**Exercise**
In the entries below, begin at the line that has "kids-camel-duffle-coat" and stop after the line that has "CVS Deal汇总 (10/30/16-11/05/16)"; output those lines exactly, leaving out pictures.

**Material provided**
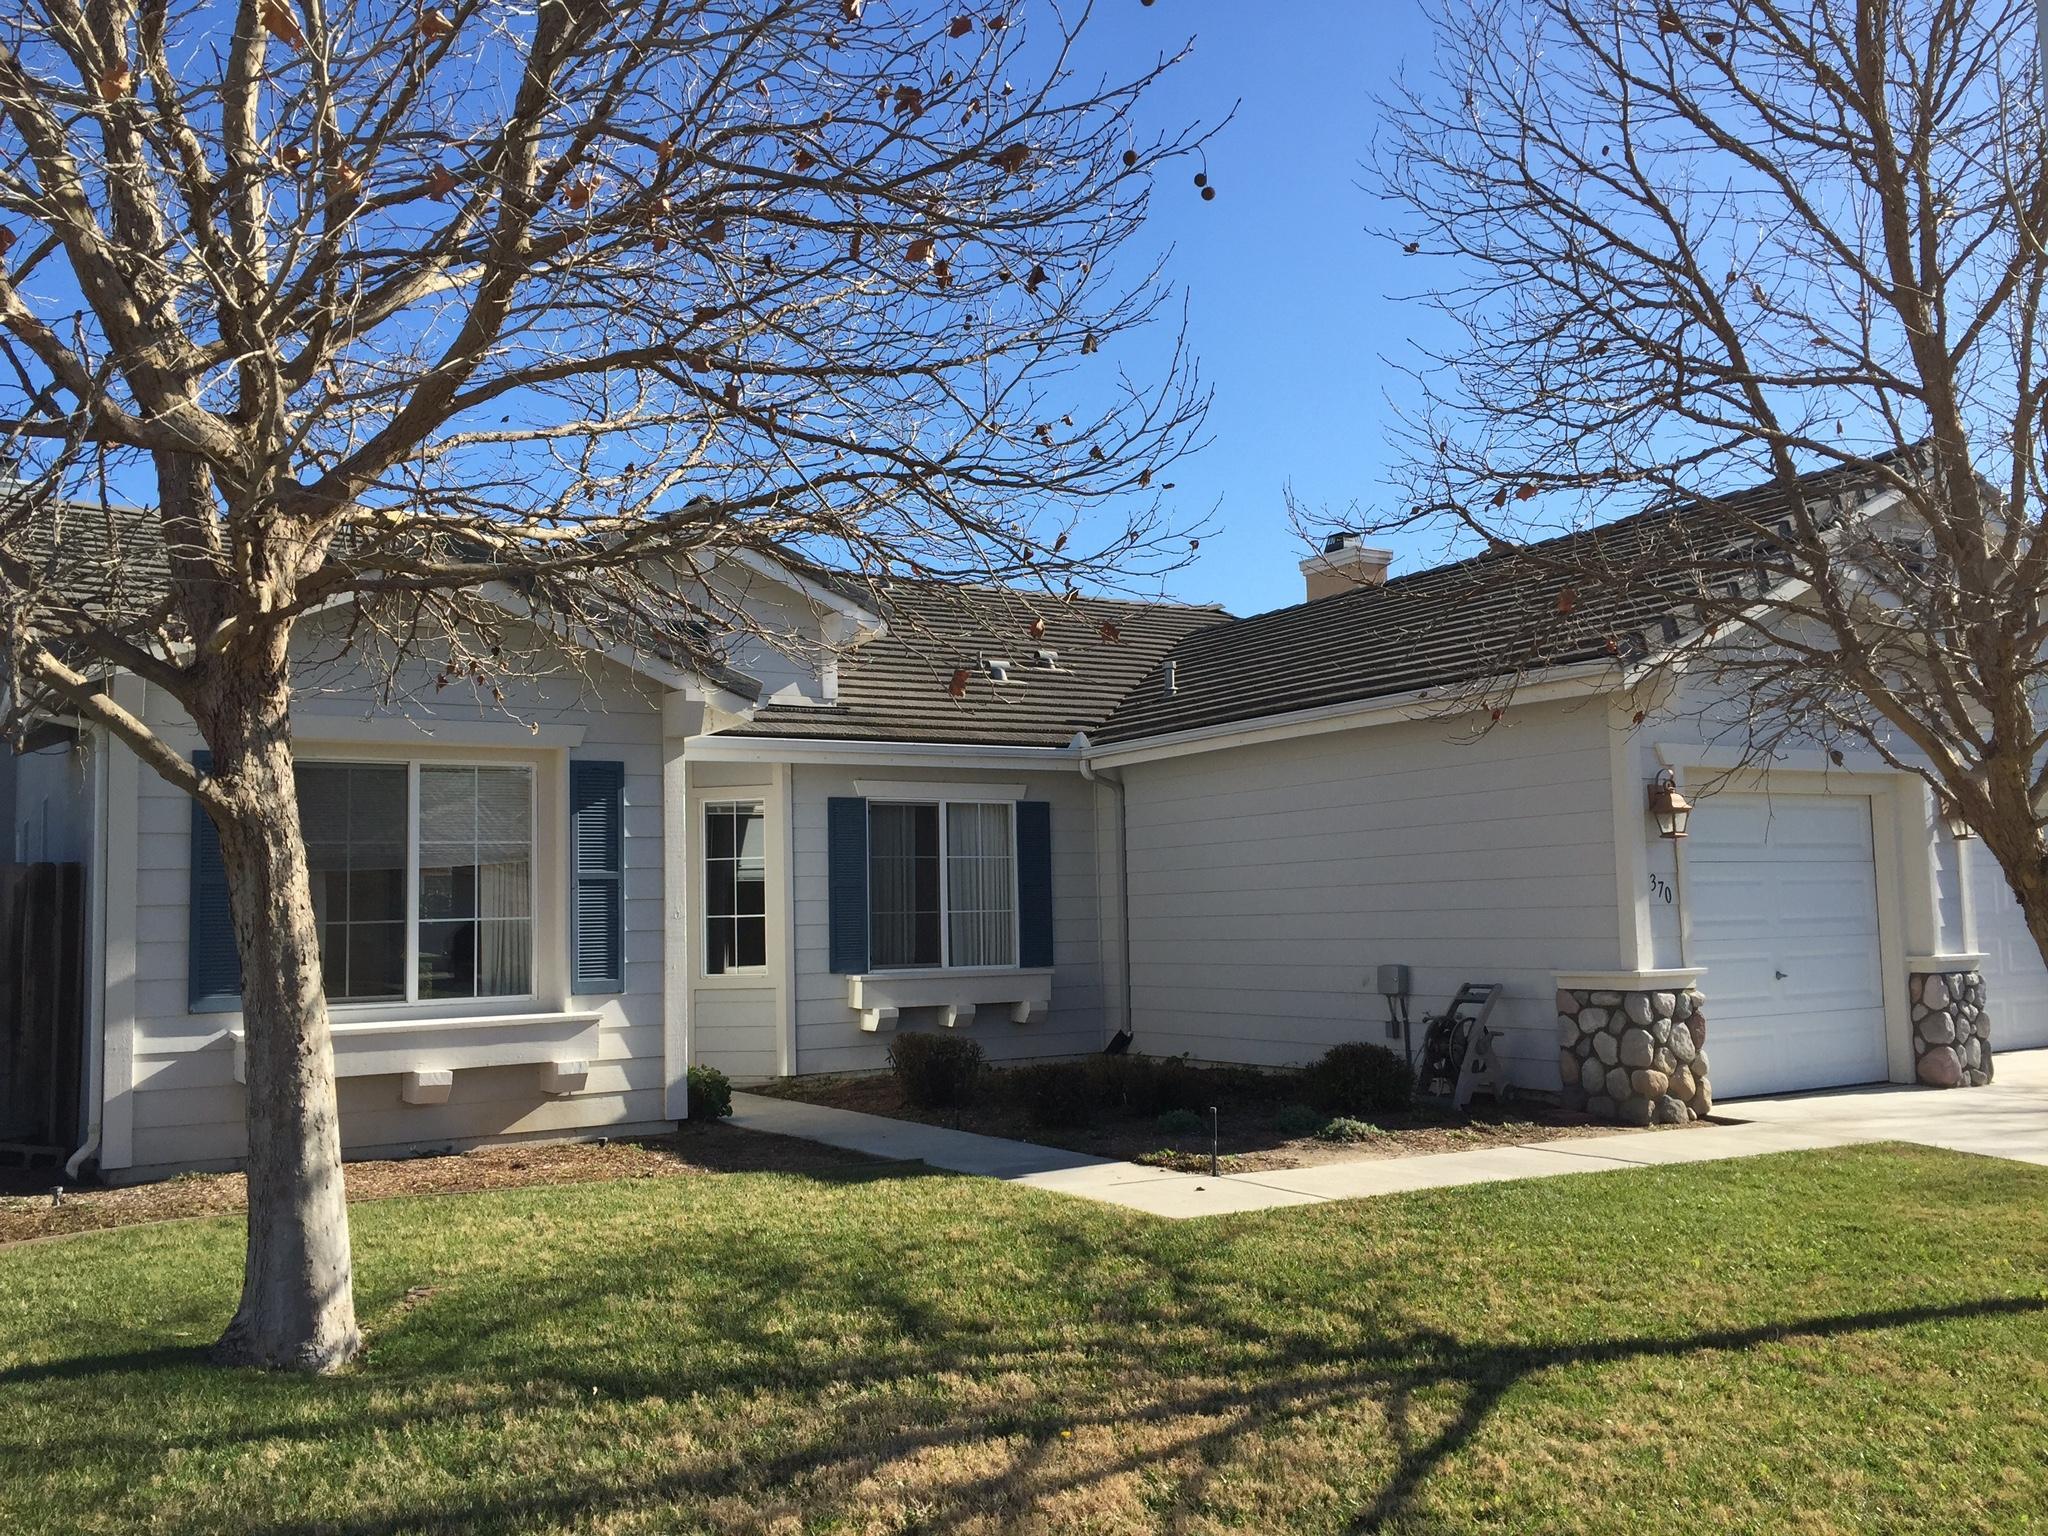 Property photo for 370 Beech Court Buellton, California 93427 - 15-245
--
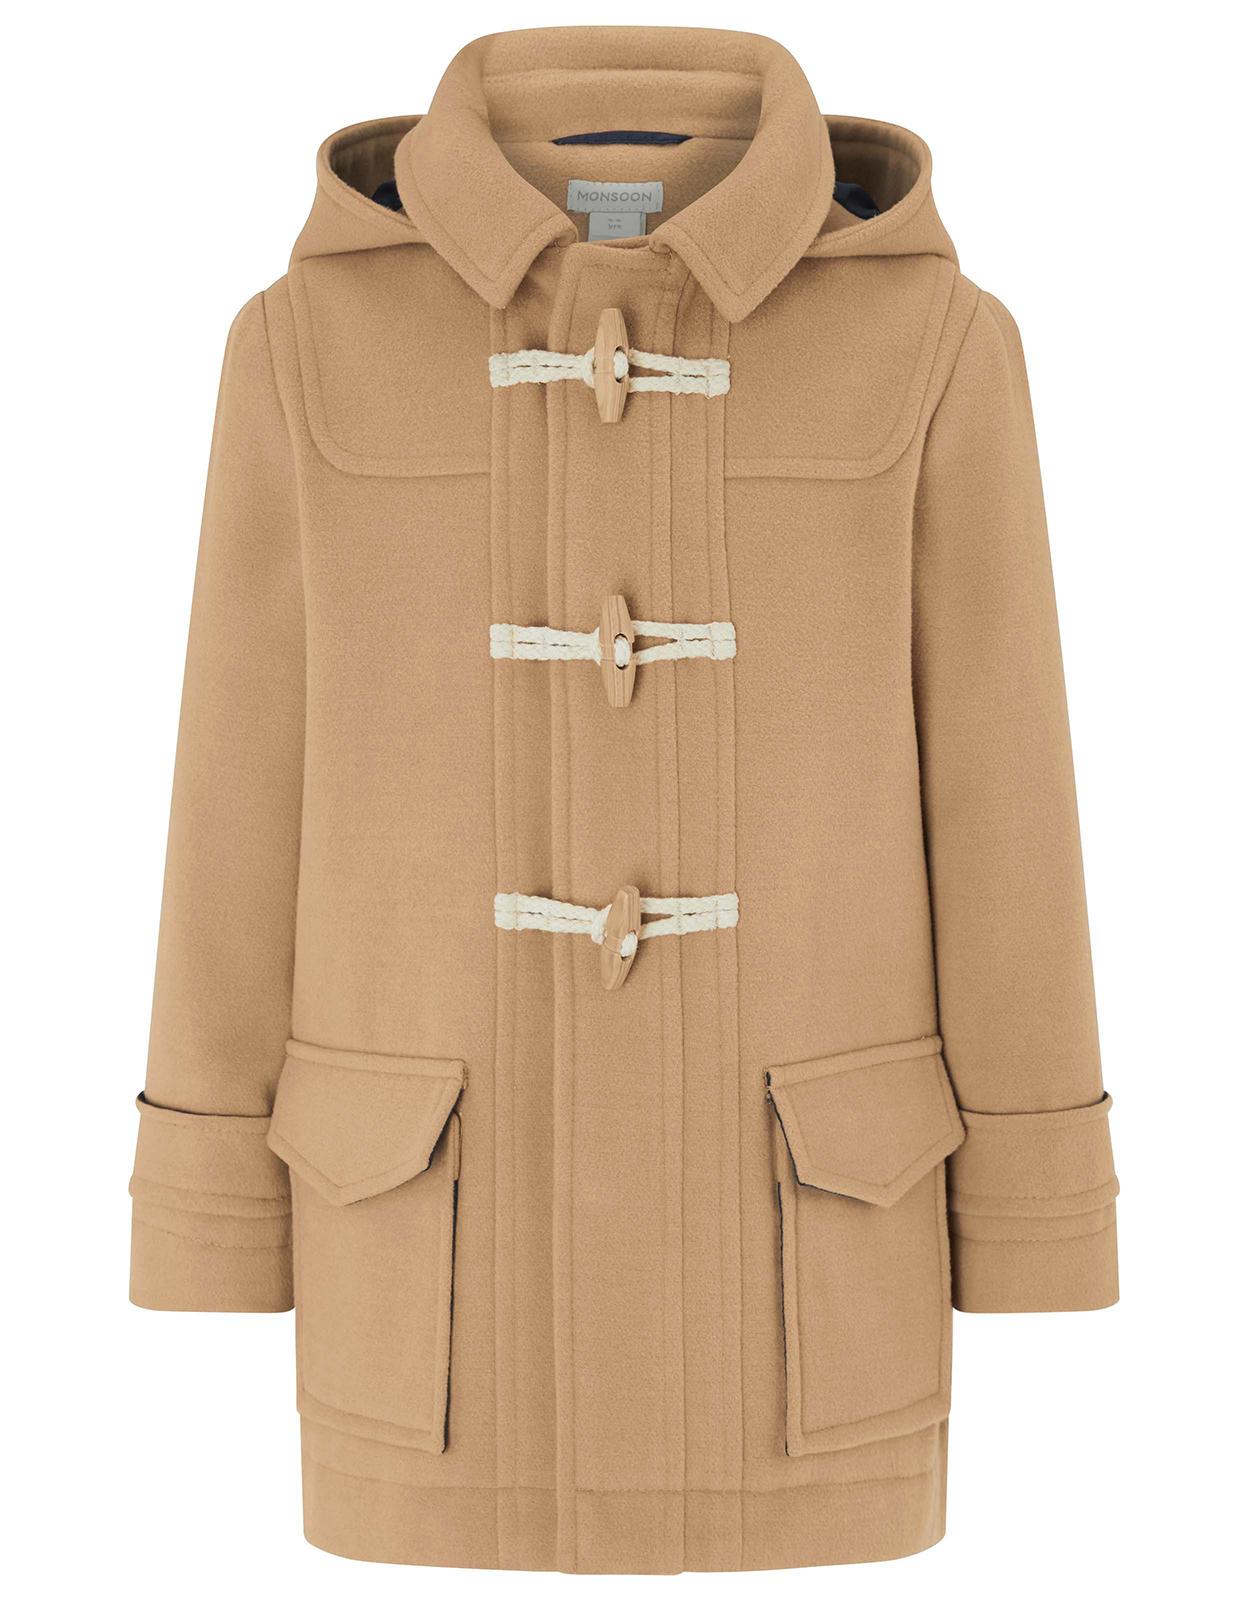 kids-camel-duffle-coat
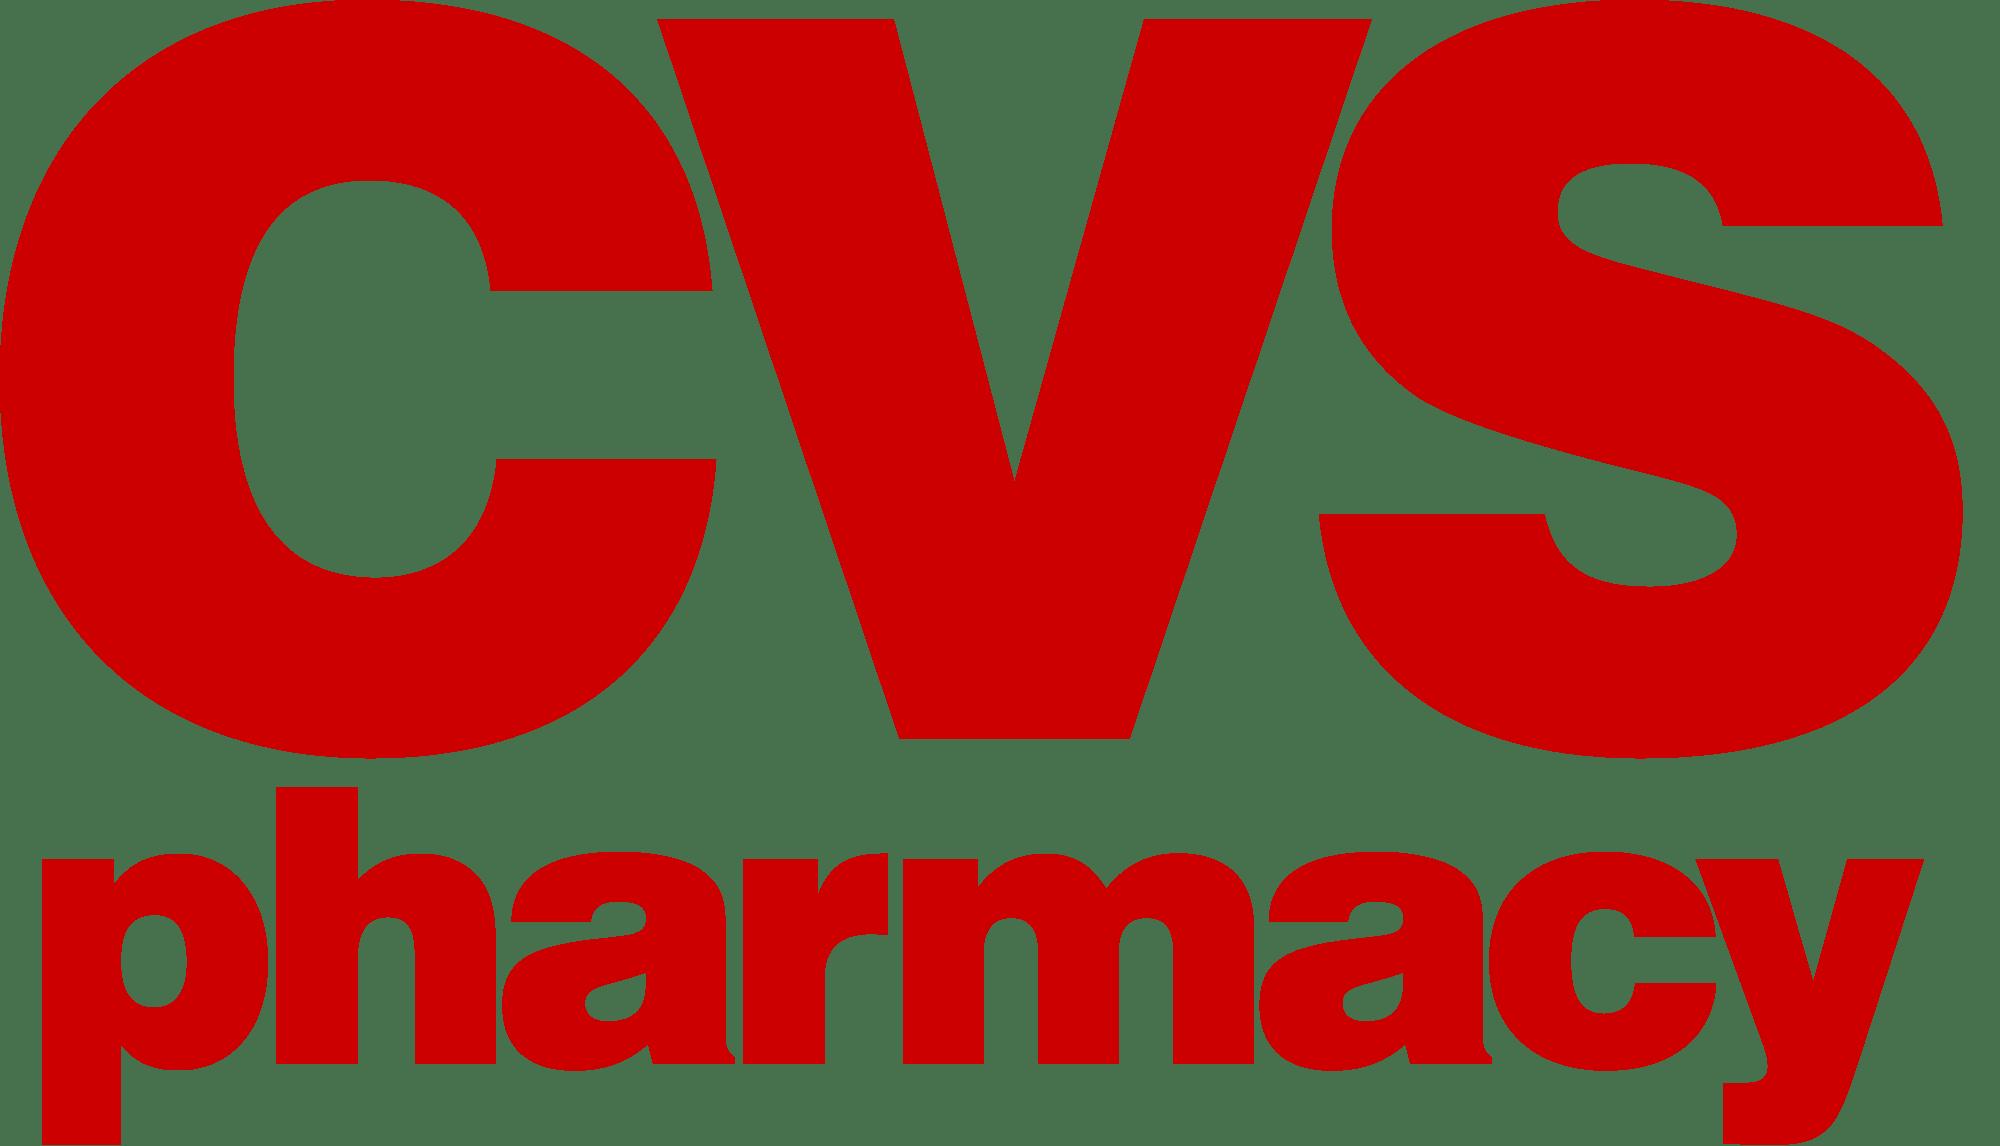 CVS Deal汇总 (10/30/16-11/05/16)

**Final answer**
 kids-camel-duffle-coat
 CVS Deal汇总 (10/30/16-11/05/16)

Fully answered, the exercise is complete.